Codeforces 659E. New Reform(图论+dfs)

Berland has n cities connected by m bidirectional roads. No road connects a city to itself, and each pair of cities is connected by no more than one road. It is not guaranteed that you can get from any city to any other one, using only the existing roads.

The President of Berland decided to make changes to the road system and instructed the Ministry of Transport to make this reform. Now, each road should be unidirectional (only lead from one city to another).

In order not to cause great resentment among residents, the reform needs to be conducted so that there can be as few separate cities as possible.
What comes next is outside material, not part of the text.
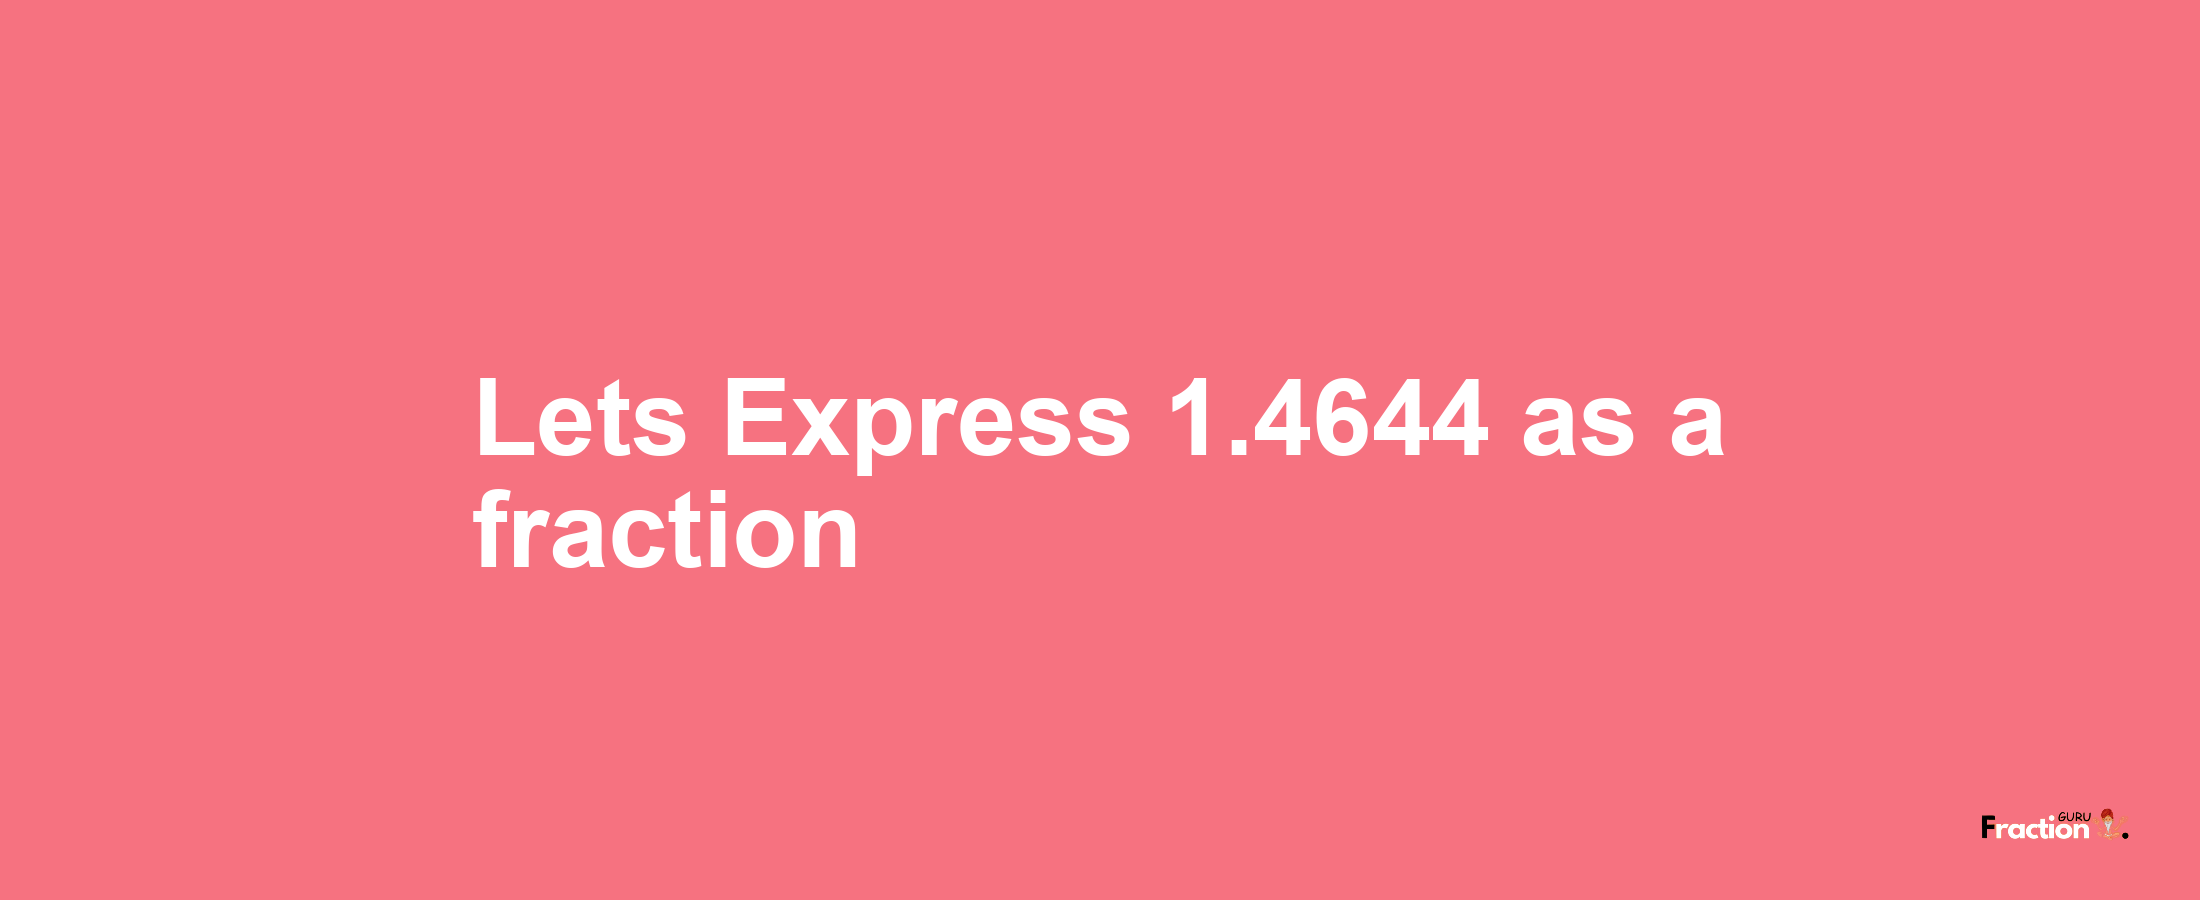 Lets Express 1.4644 as afraction

A city is considered separate, if no road leads into it, while it is allowed to have roads leading from this city.

Help the Ministry of Transport to find the minimum possible number of separate cities after the reform.

Input

The first line of the input contains two positive integers, n and m — the number of the cities and the number of roads in Berland (2 ≤ n ≤ 100 000, 1 ≤ m ≤ 100 000).

Next m lines contain the descriptions of the roads: the i-th road is determined by two distinct integers xi, yi (1 ≤ xi, yi ≤ n, xi ≠ yi), wherexi and yi are the numbers of the cities connected by the i-th road.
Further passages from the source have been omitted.